(SUPPLIED DATA)

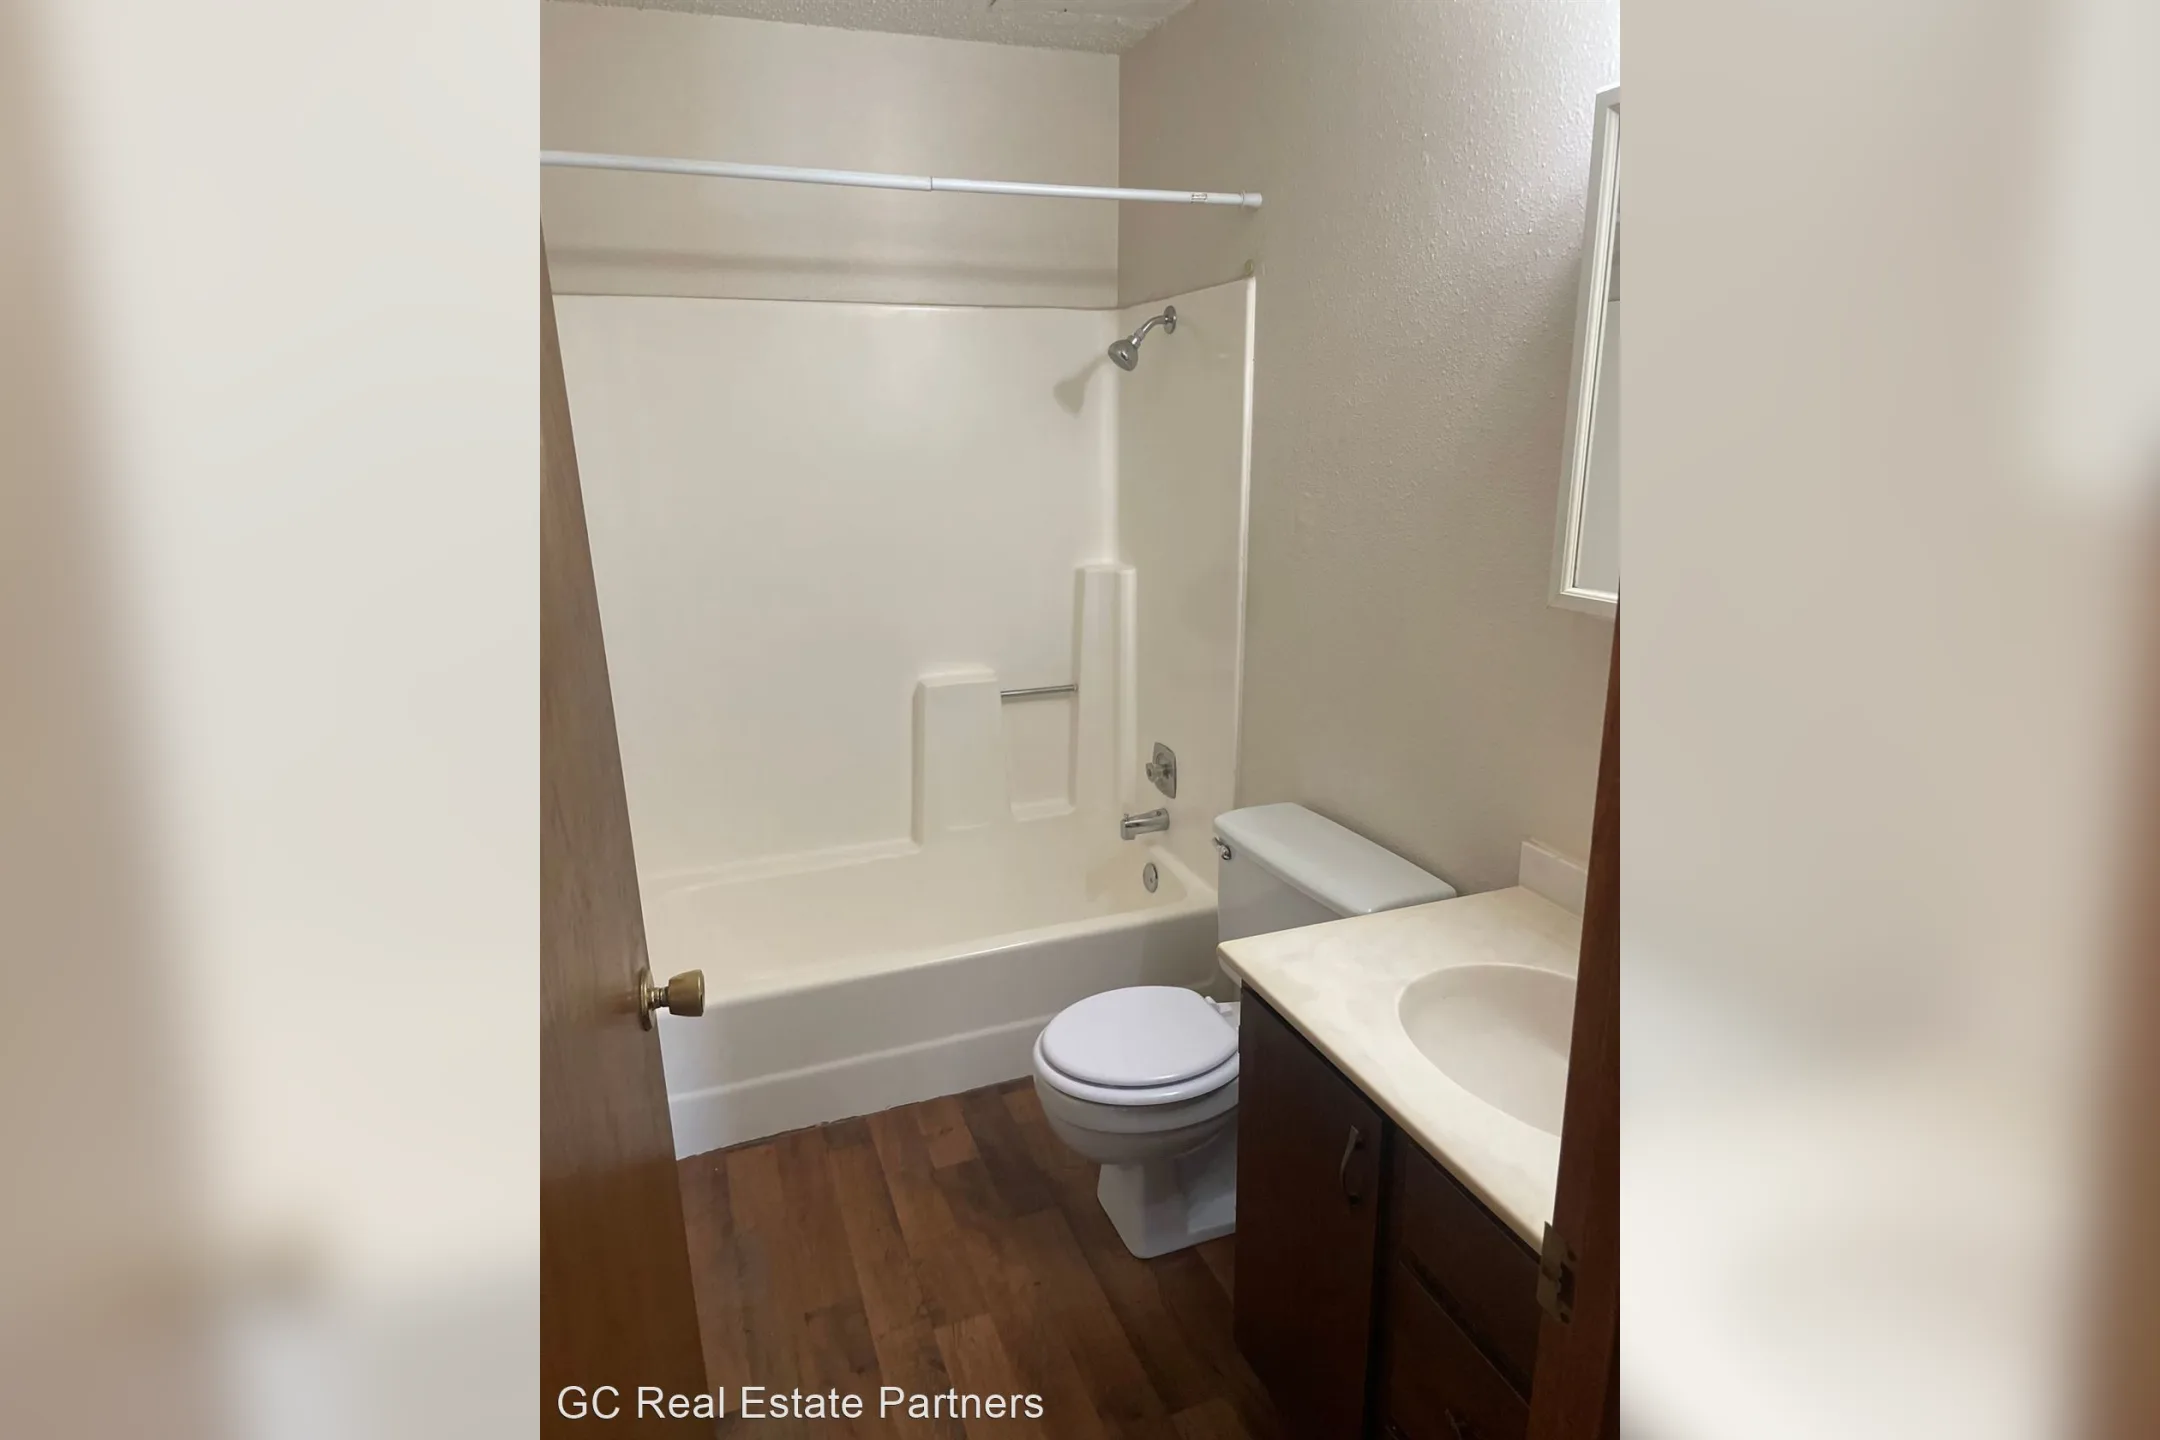 Bathroom - City Walk Apartments - Dickinson, ND
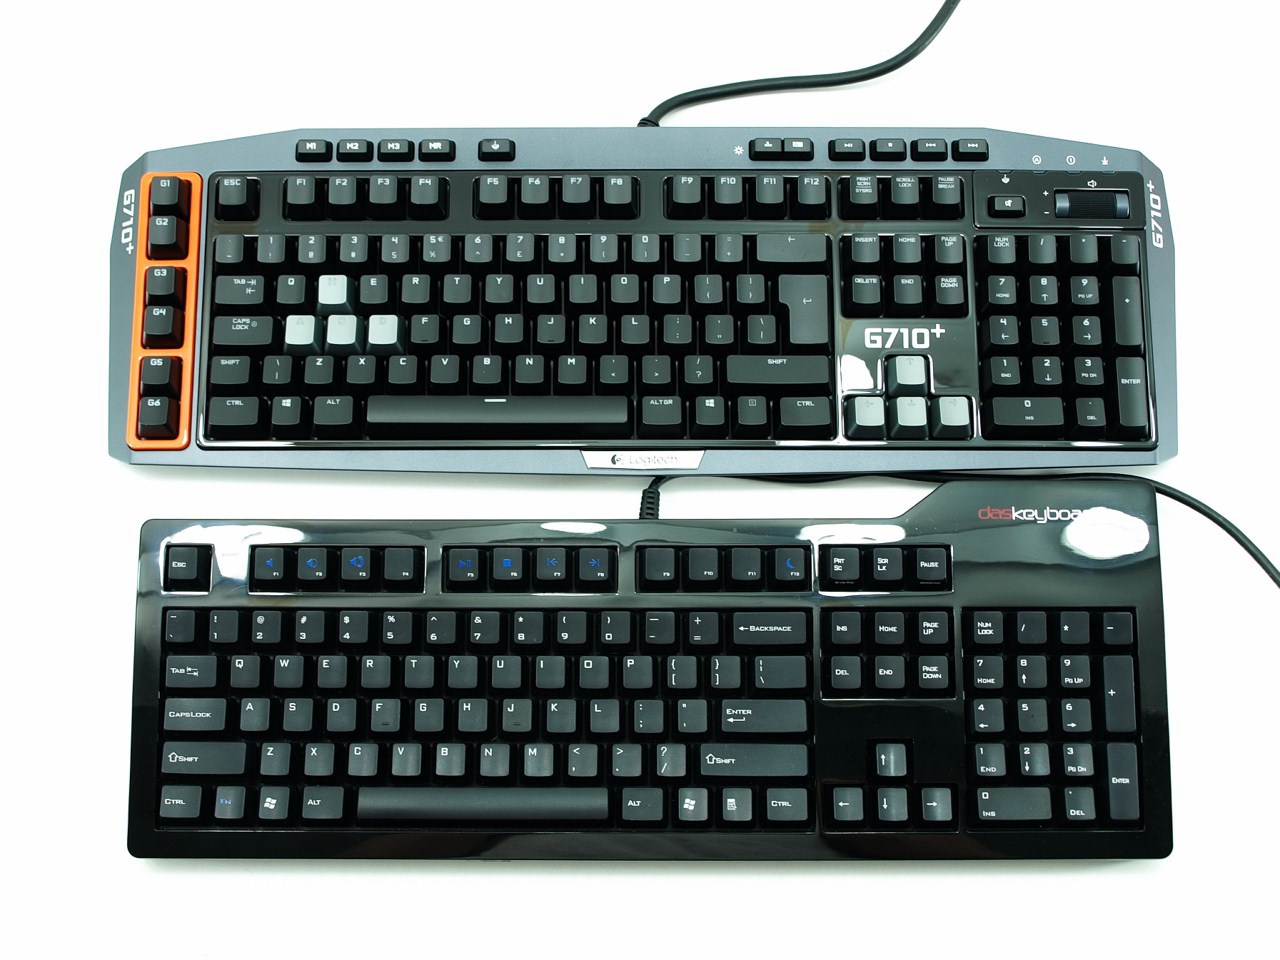 G710+ Gaming Keyboard Review
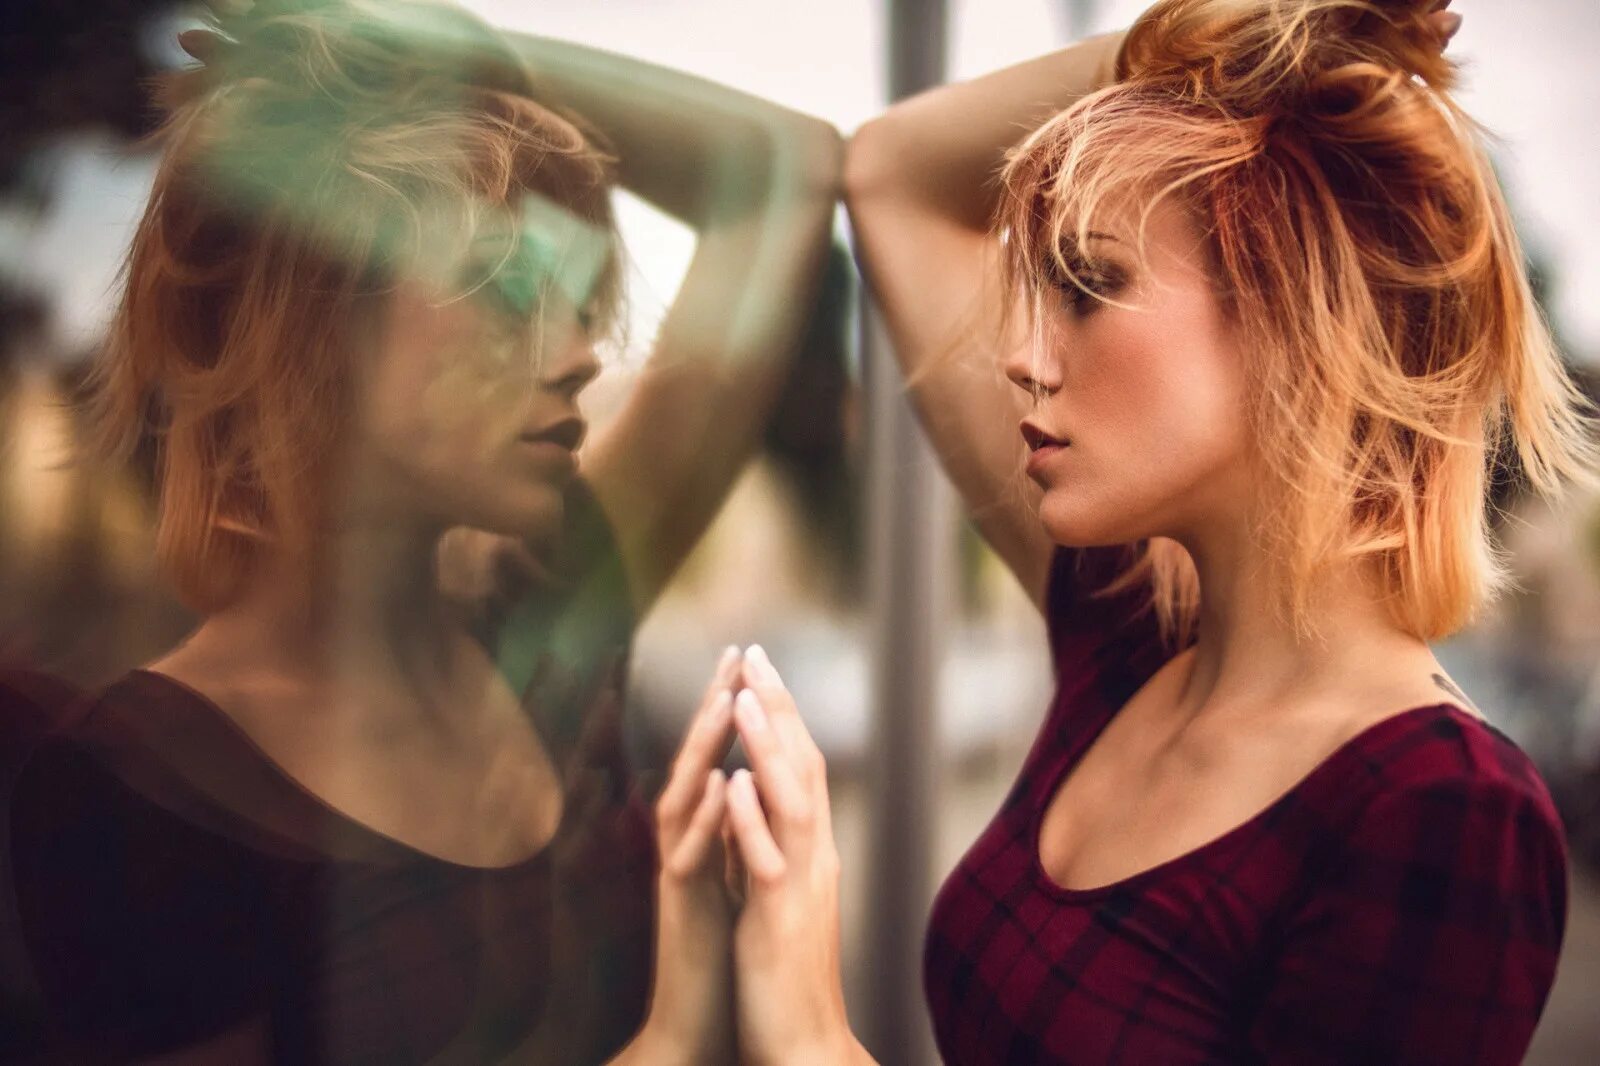 Отражение в зеркале. Портрет с отражением. Отражение девушки в зеркале. Фотосессия отражение в зеркале.

(End SUPPLIED DATA)

TASK PROMPT – Restate word for word only the lines that run from the line holding "G710+ Gaming Keyboard Review" to the end of the data, both ends kept, leaving every picture out.

FINISHED TASK –
 G710+ Gaming Keyboard Review
 Отражение в зеркале. Портрет с отражением. Отражение девушки в зеркале. Фотосессия отражение в зеркале.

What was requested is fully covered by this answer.